God had told me back in March that my ministry would be starting soon, but I had no idea how it was going to get started. There was nothing I could really do, so I continued to wait. Then, on October 8, 2019, I got an unexpected Facebook message on my ministry page. It was from someone named, “Alfred Burooro” and it said:
My dear brothren in the Lord, I request you come to Uganda support the church and work together in the ministry, may God bless you as you come in Uganda, Bishop Alfred Burooro,
My initial thought was that this was some kind of scam. I mean, nobody contacts you out of the blue requesting that you go to a foreign country without some kind of ulterior motive, right? I would have ignored the message, except Facebook’s page algorithm requires you to respond to page messages within a certain amount of time in order to maintain a good response rate.
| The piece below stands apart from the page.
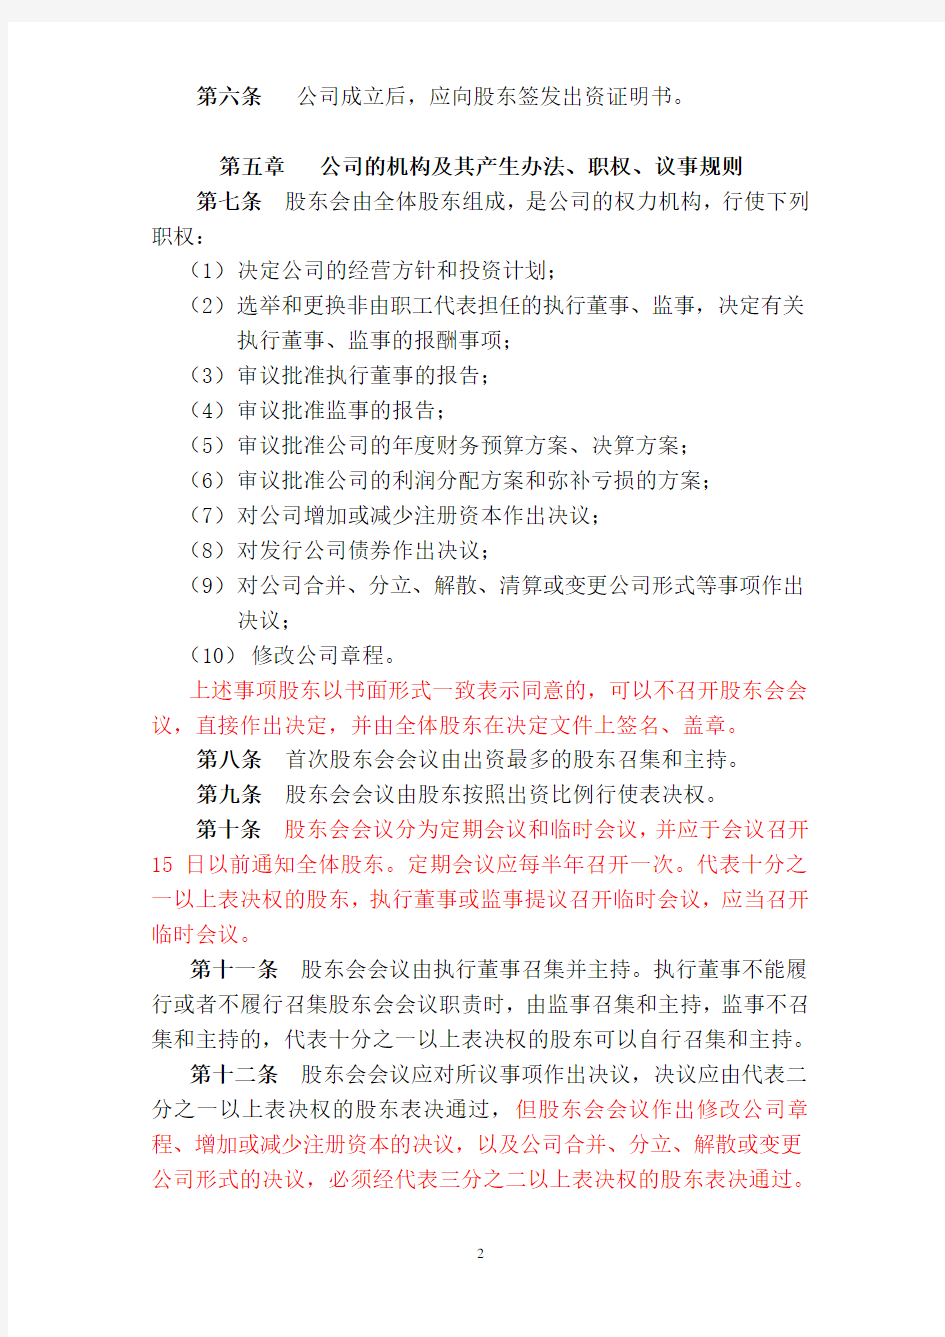 上海XX限责任公司章程(执行董事)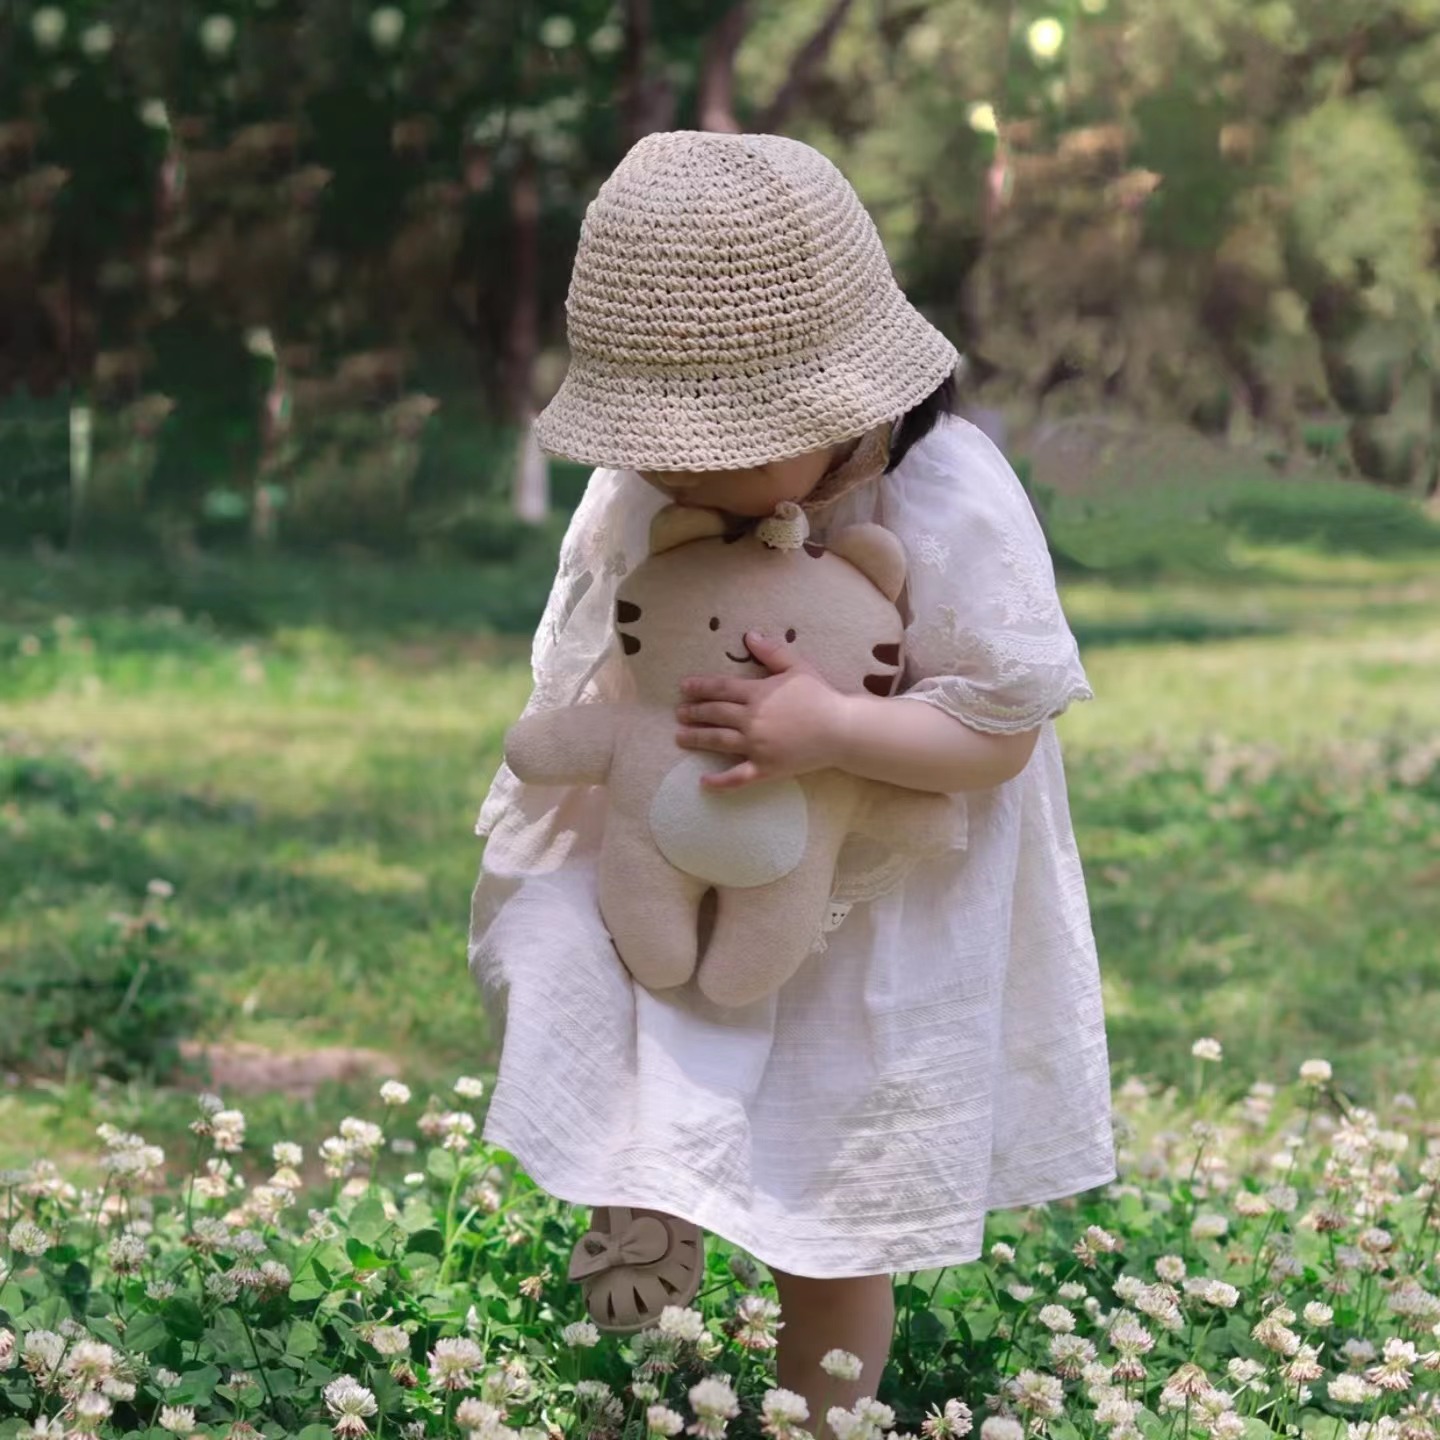 婴儿连衣裙纯棉透气夏季 儿童套头纯白色A字裙 韩国进口Bily短袖

So I responded with a simple question to try and figure out what Alfred’s real intentions were. I fully expected him to ask for money after a few back and forth messages. But that didn’t happen. Alfred appeared to be completely legit.
When I couldn’t find any kind of possible scam taking place, I decided to do some research on the internet to see if I could find out more about Mr. Burooro. There were very few references about him, but what I did find was someone by the name of Ron Kinnear from South Africa who had traveled to Uganda to minister there. In his May 2017 ministry letter, Ron mentions the name, “Bishop Alfred Burooro”. The information in Ron’s newsletter matched the information that Alfred was giving me on Facebook. In one final test for authenticity, I asked Alfred if he could give me Ron’s phone number so that I could call Ron and get more information about the needs of Alfred’s church. To my surprise, Alfred gave me Ron’s cell phone number.
Now perhaps I was being overly skeptical, but I’ve never gotten a ministry invite from a complete stranger before. Remember Ephesians 3:20 (“To him who is able to do far more abundantly than all that we ask or think.”)? To me, this ministry invite was so much more than I could have ever thought of, that I just couldn’t believe it was real. But it was real. Alfred Burooro is a real person in Uganda. His church, The Apostolic Faith Mission (AFM), is a real church. And the invite to Uganda is a real invite.
So now the work begins. As with any ministry, this is not about me – this is about the people that need to hear the good news of Jesus Christ, and the family of believers that need hope and encouragement. This is about expanding the Kingdom of God to Uganda and beyond.
My first trip to Uganda will be a learning mission. I will be meeting with Alfred and his leadership team to learn about their needs, and their vision for the future of their church and school.
I am currently working on getting my passport and making preparations for my first trip to Uganda. I’m not sure when exactly I’ll be going to Uganda, but I think it will be somewhere around March or April of 2020.
There are still a lot of things that need to happen before I can travel, and God will have to come through in a big way on a few of those in order for this ministry trip to take place. I know God will do it, I just don’t know how. One thing I am certain of: whatever God does to make this ministry trip happen, it will be more than I could ever ask or think of.